Effect modification in the outcome / MSM model itself (e.g. ~ L + sex + A:sex) is currently supported only for g-computation. IPW and matching wrap a saturated Y ~ A MSM around the propensity / matched design, and reject an A:modifier term up front — use estimator = "gcomp" for heterogeneous effects, or by = "modifier" below for stratum-specific summaries of a homogeneous effect. See PHASE_6_INTERACTIONS.md for the planned unified API.

Effect modification

The by argument in contrast() stratifies estimates by levels of a variable, producing subgroup-specific effects:

Code
contrast(fit,
  interventions = list(quit = static(1), continue = static(0)),
  by = "sex"
)

Diagnostics

Use diagnose() to check positivity and covariate balance after fitting:

Code
diag <- diagnose(fit)
diag          # print positivity + balance summary
plot(diag)    # Love plot (requires cobalt)
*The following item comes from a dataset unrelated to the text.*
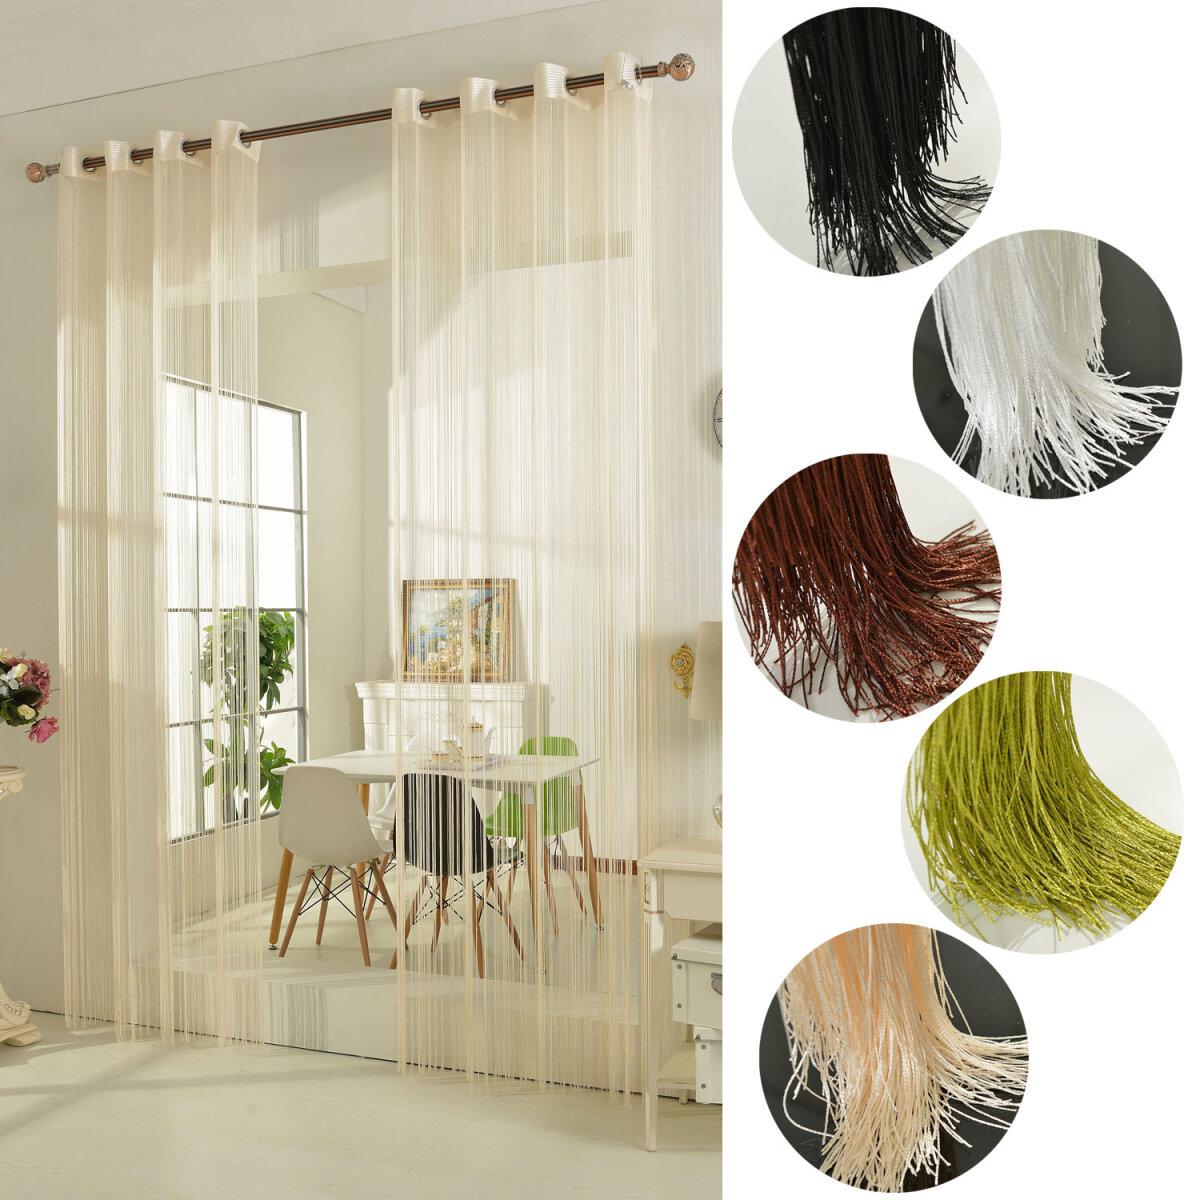 Raumteiler Vorhang Befestigung vorhang als raumteiler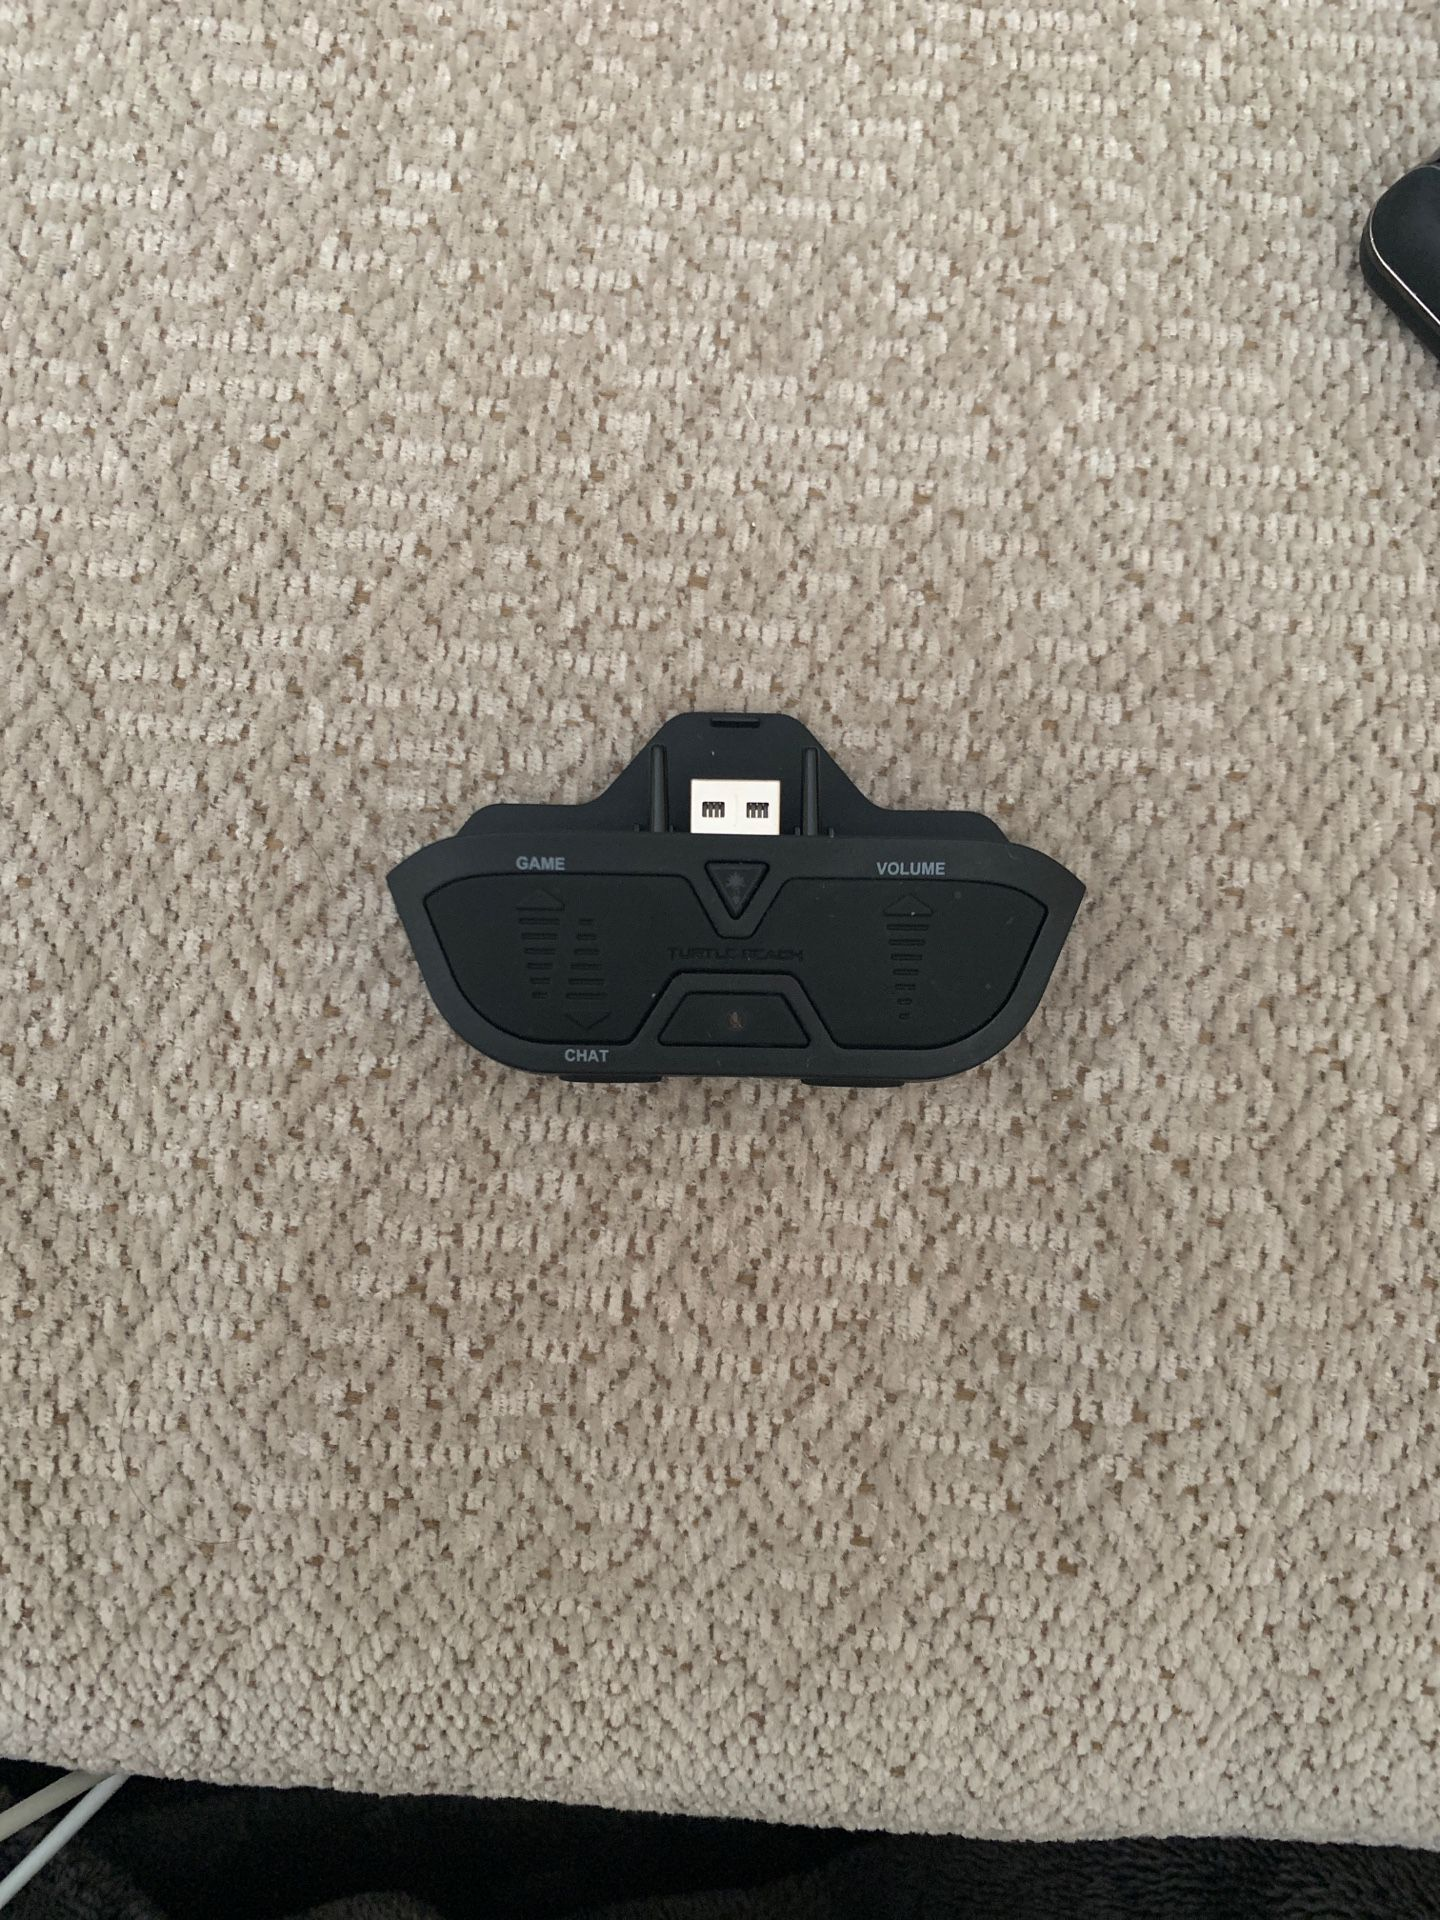 Xbox One Turtle Beach headset adapter

For IPW and matching, balance is computed via cobalt and includes standardised mean differences before and after adjustment.

Extracting results

causatr result objects support standard R generics:

coef(result)       # named vector of E[Y^a]
confint(result)    # CI matrix (respects custom `level`)
vcov(result)       # vcov of marginal means
tidy(result)       # broom-style tidy data frame
glance(result)     # broom-style one-row summary
plot(result)       # forest plot (requires forrest package)

Learning more

causatr includes detailed vignettes for each estimation method: g-computation, IPW, matching, longitudinal ICE, and methodological triangulation. Use vignette(package = "causatr") to see all available vignettes.